Bread, Scone, Muffin
Dry Ingredients:
1/2 cup almond meal (almond flour will probably work but I liked the texture of the coarser almond meal in this)
1/2 cup raw hemp seed (I used Manitoba Harvest Shelled Hemp Hearts)
1/2 cup finely-grated Parmesan cheese
1/4 cup flax seed meal
1/4 cup nutritional yeast flakes
1/2 teaspoon baking powder
1/2 teaspoon Spike Seasoning (optional but good can substitute any all-purpose seasoning mix)
1/4 teaspoon salt
Wet Ingredients:
6 eggs beaten
1/2 cup reduced-fat cottage cheese
1/3 cup thinly sliced green onion
Preheat oven to 375F/190C.
Oil baking cups or mini-muffin pan with olive oil.

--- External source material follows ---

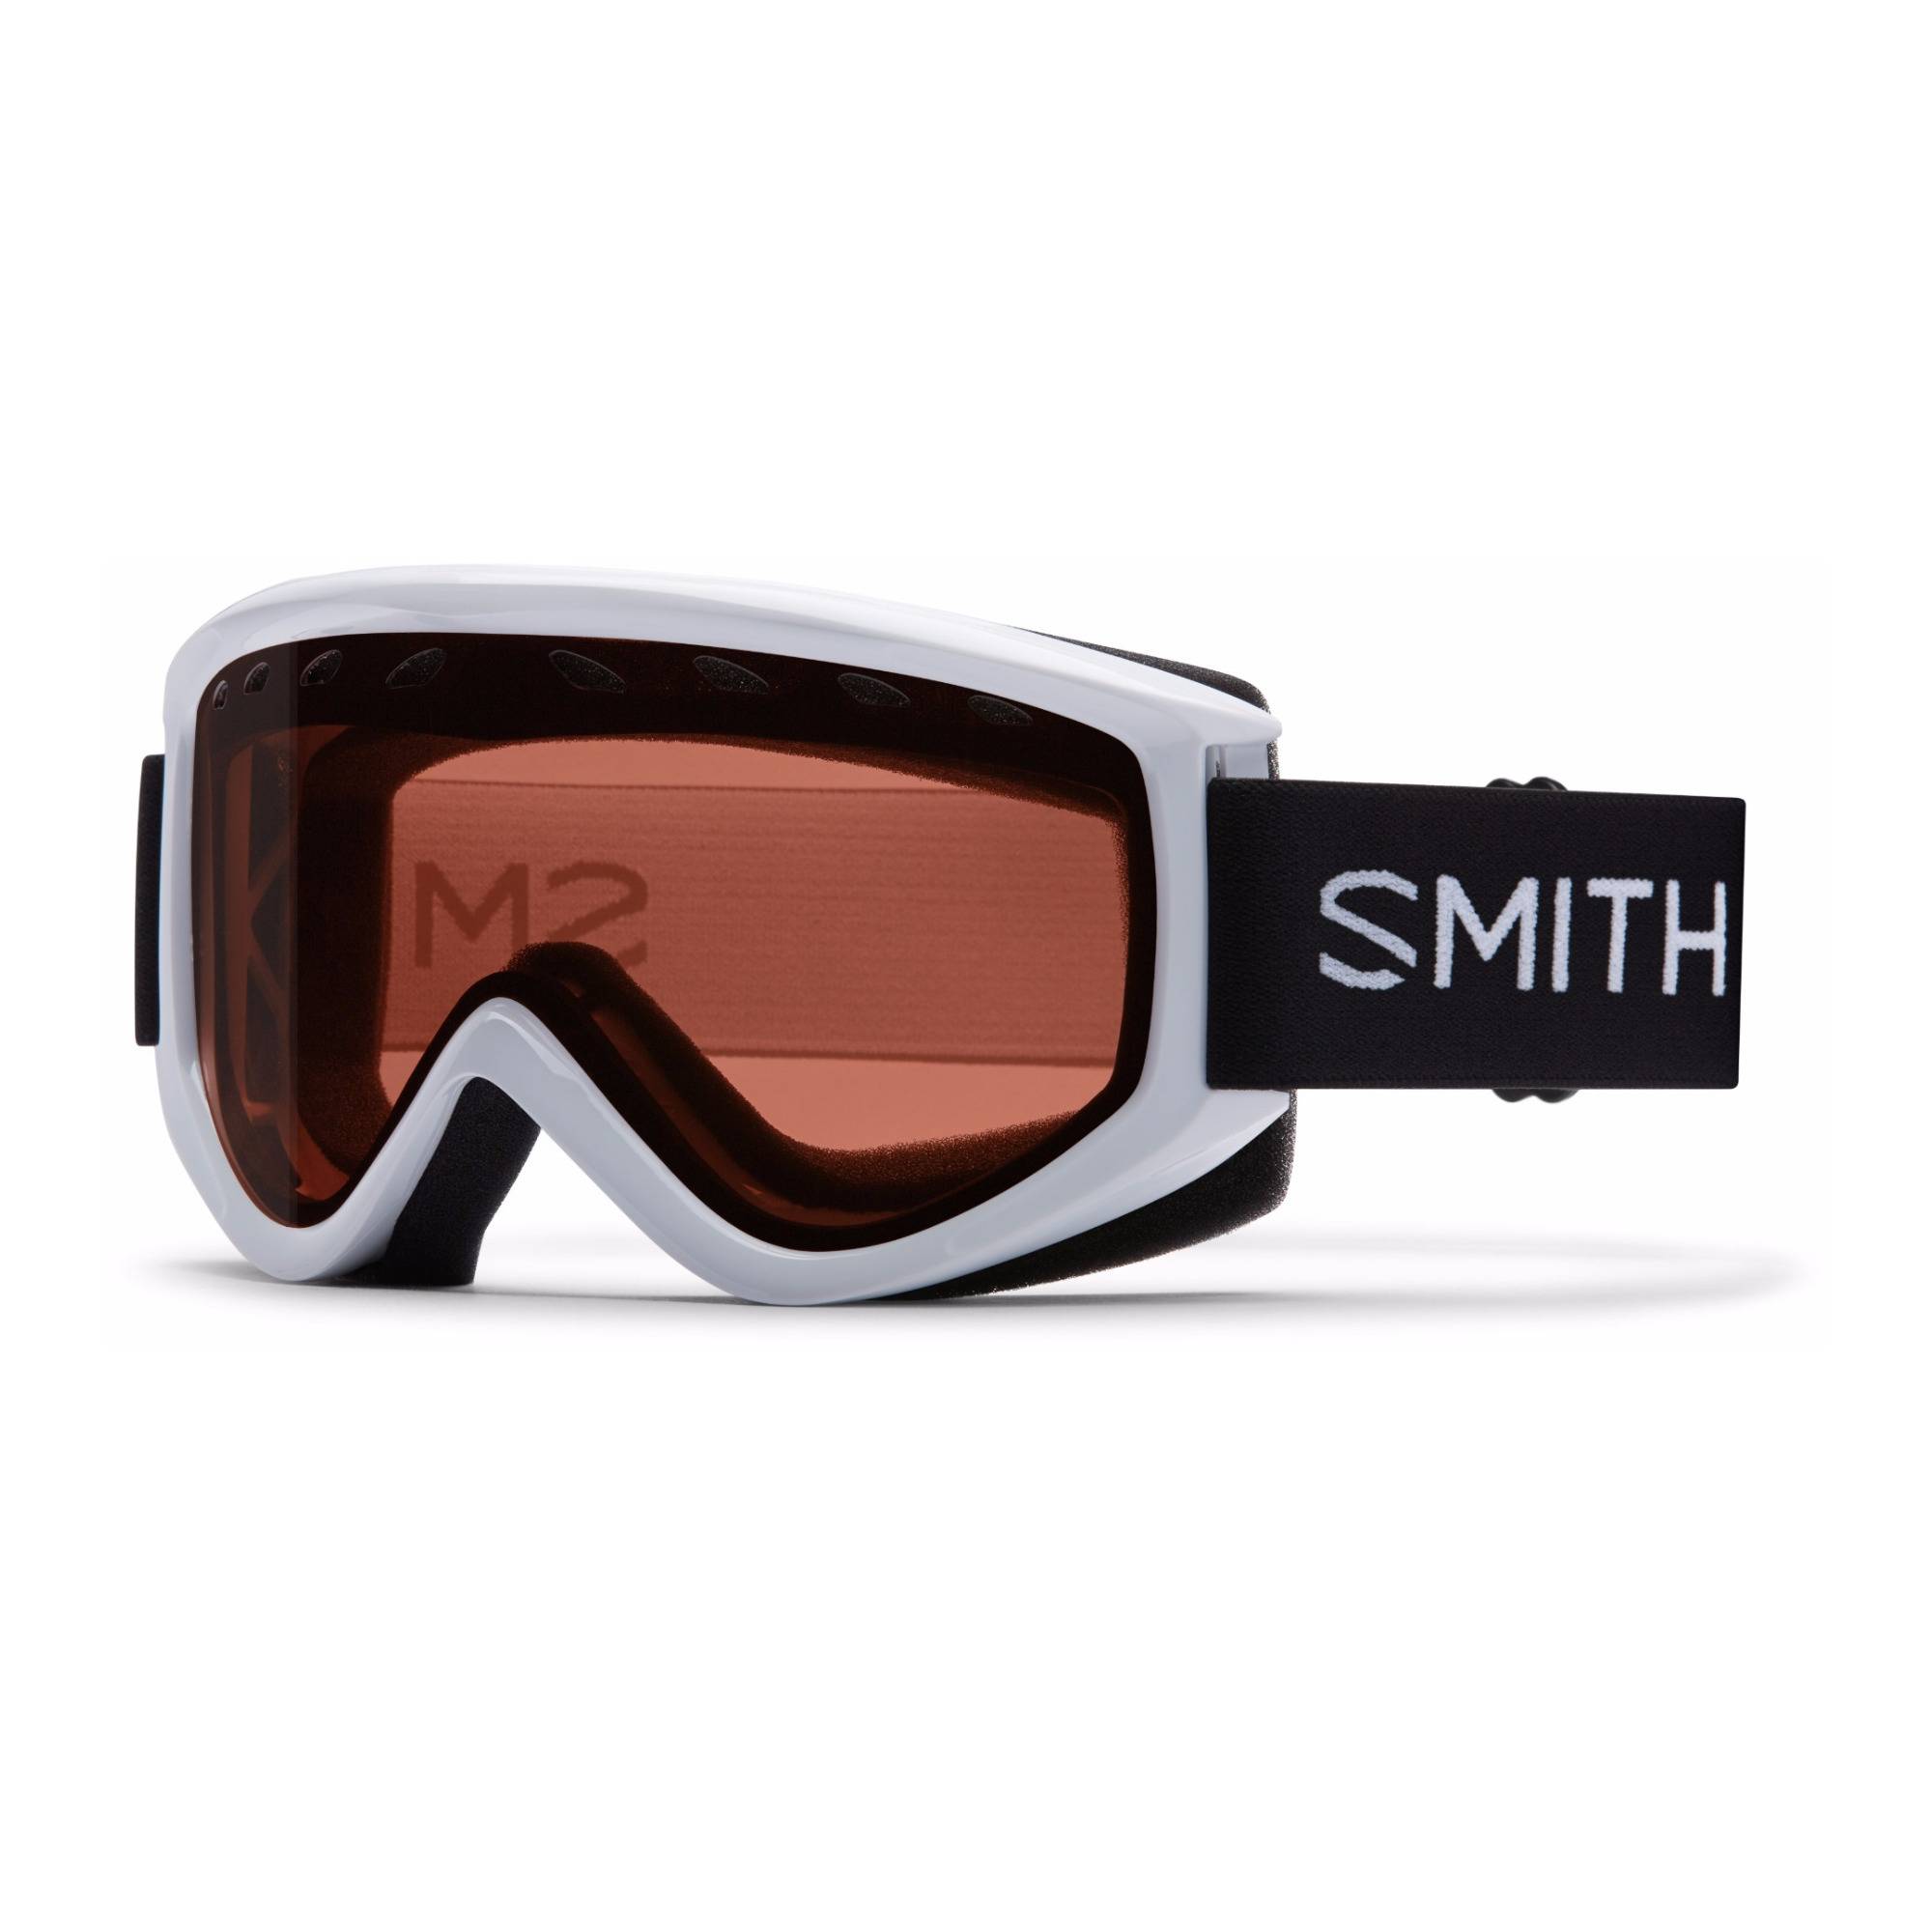 Smith Optics Medium Fit Electra Unisex Snow Goggle (White, RC36 Lens)

In a medium-sized bowl, mix together the almond meal, raw hemp seed, Parmesan cheese, flax seed meal, nutritional yeast flakes, baking powder, Spike Seasoning (if using), and salt.
In a smaller bowl, beat the eggs and then mix in the reduced-fat cottage cheese and thinly sliced green onions.
Mix the wet ingredients into the dry ingredients.
Scoop out the mixture with a small measuring cup and fill the muffin cups until they are nearly full, dividing the mixture evenly between the muffin cups.
Bake for 25-30 minutes, or until the muffins are firm and nicely browned.
These Flourless Egg and Cottage Cheese Breakfast Muffins will keep in the fridge for at least a week and can be reheated in the microwave or in a toaster oven. (I'm guessing they can be frozen, but I haven't frozen them.)